ML Model Serving as REST API Using Clipper
A comprehensive guide to deploying machine learning models as scalable REST APIs using Clipper, the low-latency prediction serving system designed for production ML workloads.
PythonClipperDockerMachine LearningREST APIscikit-learn
Table of Contents
The Model Serving Challenge
Building accurate machine learning models is only half the battle. The real challenge lies in deploying these models to production where they can serve predictions at scale, with low latency, and high reliability. At Gonnect, we've seen countless organizations struggle with this transition - their models perform brilliantly in notebooks but falter when exposed to real-world traffic.

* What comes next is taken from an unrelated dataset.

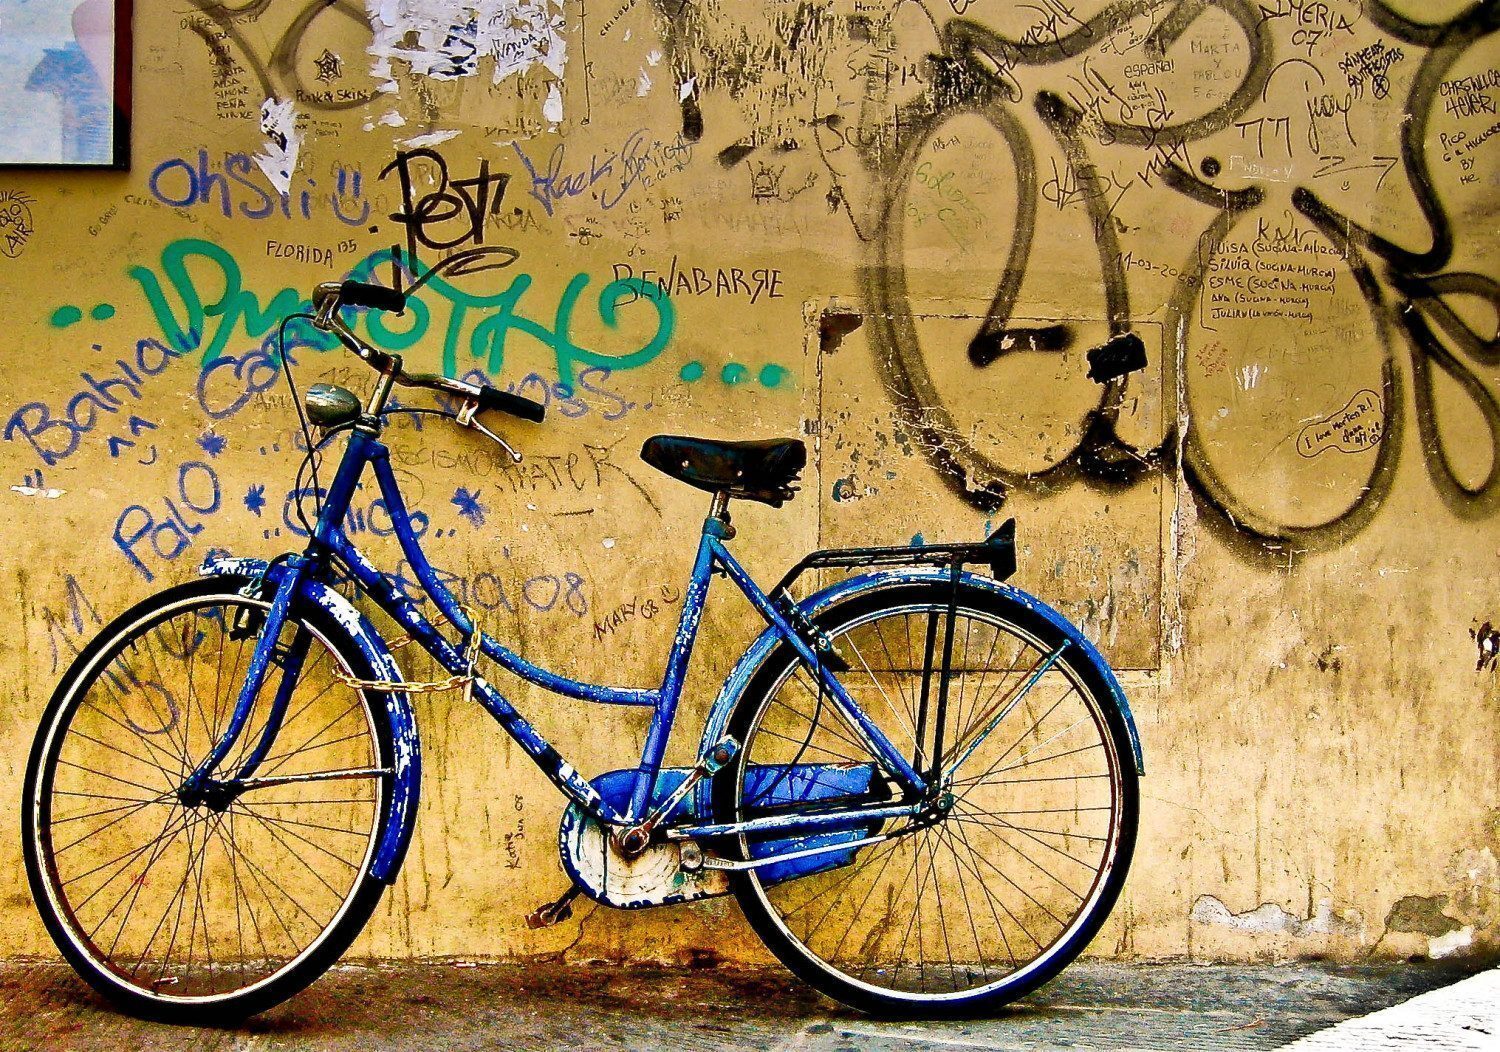 Blue Bike

Clipper addresses this fundamental challenge by providing a prediction serving system that sits between your applications and ML models, managing the complexity of model deployment, versioning, and scaling.
What is Clipper?
Clipper is a low-latency prediction serving system developed at UC Berkeley's RISE Lab. It provides a general-purpose platform that:
- Exposes ML models as REST APIs without custom server code
- Supports multiple ML frameworks (scikit-learn, TensorFlow, PyTorch, XGBoost)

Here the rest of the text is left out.